Longest Common Prefix (LCP) is an algorithm used for text querying. In
the following, we model text as an integer array. You may use other
representations (e.g., Java Strings), if your system supports them.

LCP can be implemented with the pseudocode given below. Formalize and
verify the following informal specification for LCP.

Input:  an integer array a, and two indices x and y into this array
Output: length of the longest common prefix of the subarrays of a
starting at x and y respectively.

Pseudocode:

int lcp(int[] a, int x, int y) {
int l = 0;
while (x+l<a.length && y+l<a.length && a[x+l]==a[y+l]) {
l++;
}
return l;
}

========

BACKGROUND
----------

Together with a suffix array, LCP can be used to solve interesting text
problems, such as finding the longest repeated substring (LRS) in a text.

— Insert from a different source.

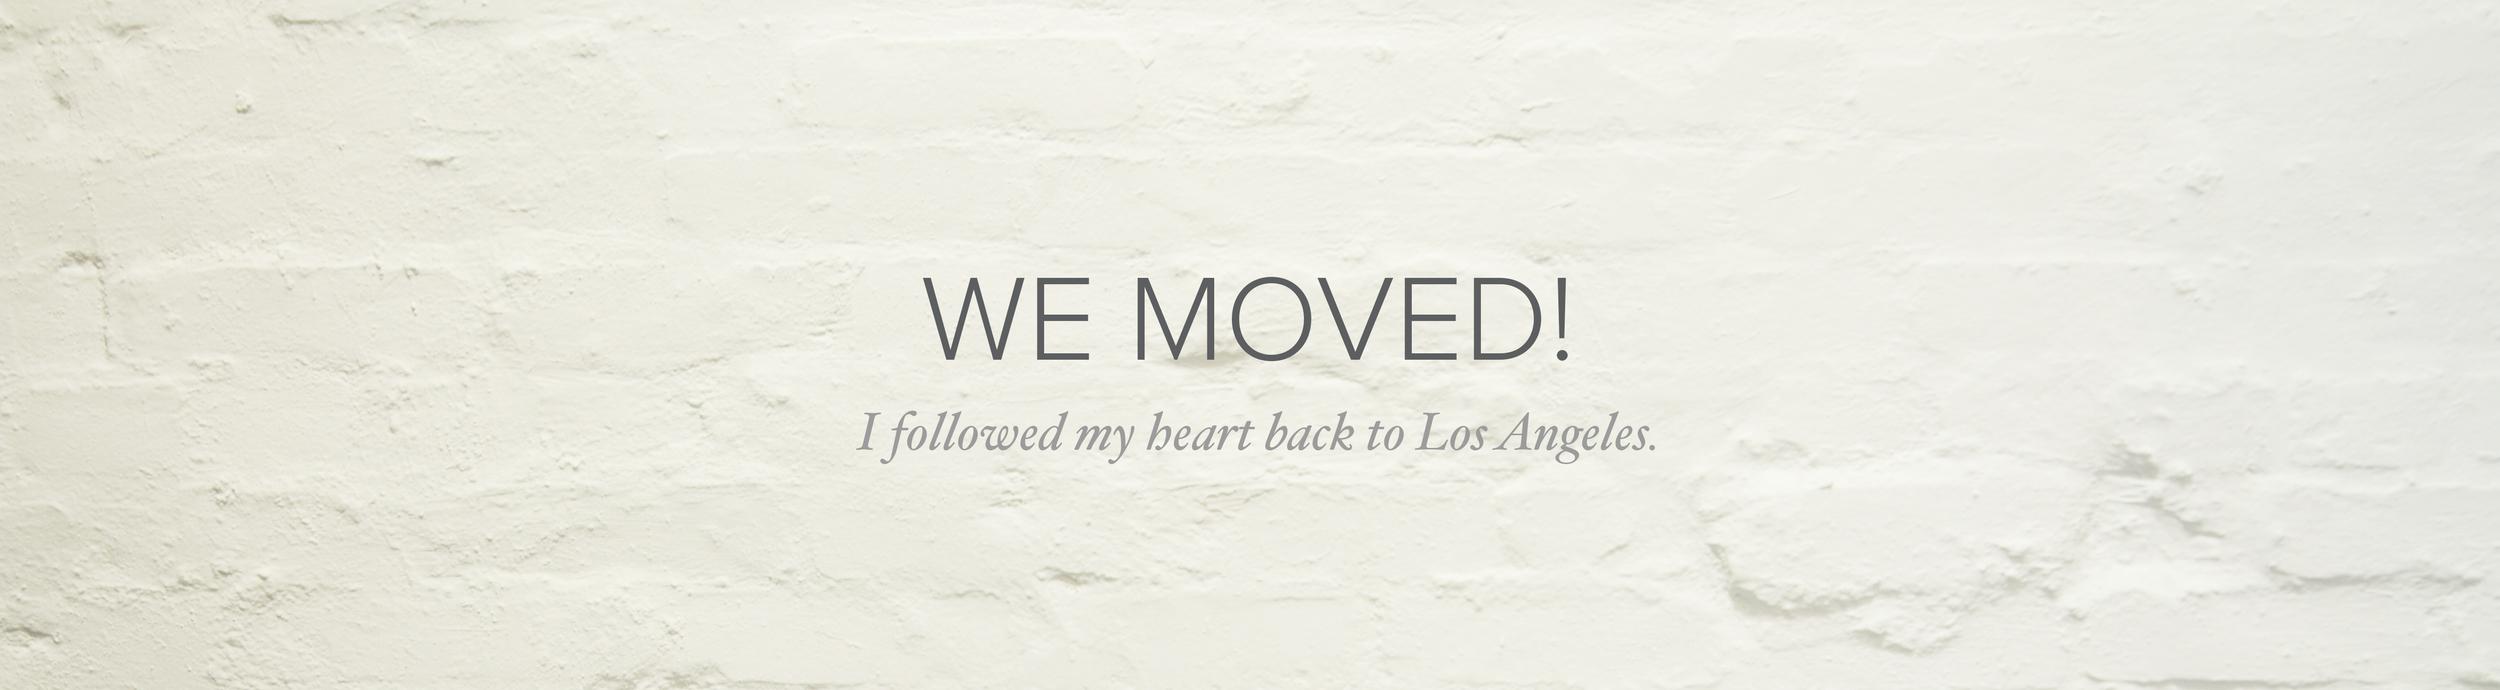 we moved-website.jpg

A suffix array (for a given text) is an array of all suffixes of the
text. For the text [7,8,8,6], the suffix array is
[[7,8,8,6],
[8,8,6],
[8,6],
[6]]

Typically, the suffixes are not stored explicitly as above but
represented as pointers into the original text. The suffixes in a suffix
array  are sorted in lexicographical order. This way, occurrences of
repeated substrings in the original text are neighbors in the suffix
array.

For the above, example (assuming pointers are 0-based integers), the
sorted suffix array is:

[3,0,2,1]

-----------------

The attached Java code contains an implementation of a suffix array
(SuffixArray.java), consisting essentially of a lexicographical
comparison on arrays, a sorting routine, and LCP.

The client code (LRS.java) uses these to solve the LRS problem. Verify
that it does so correctly.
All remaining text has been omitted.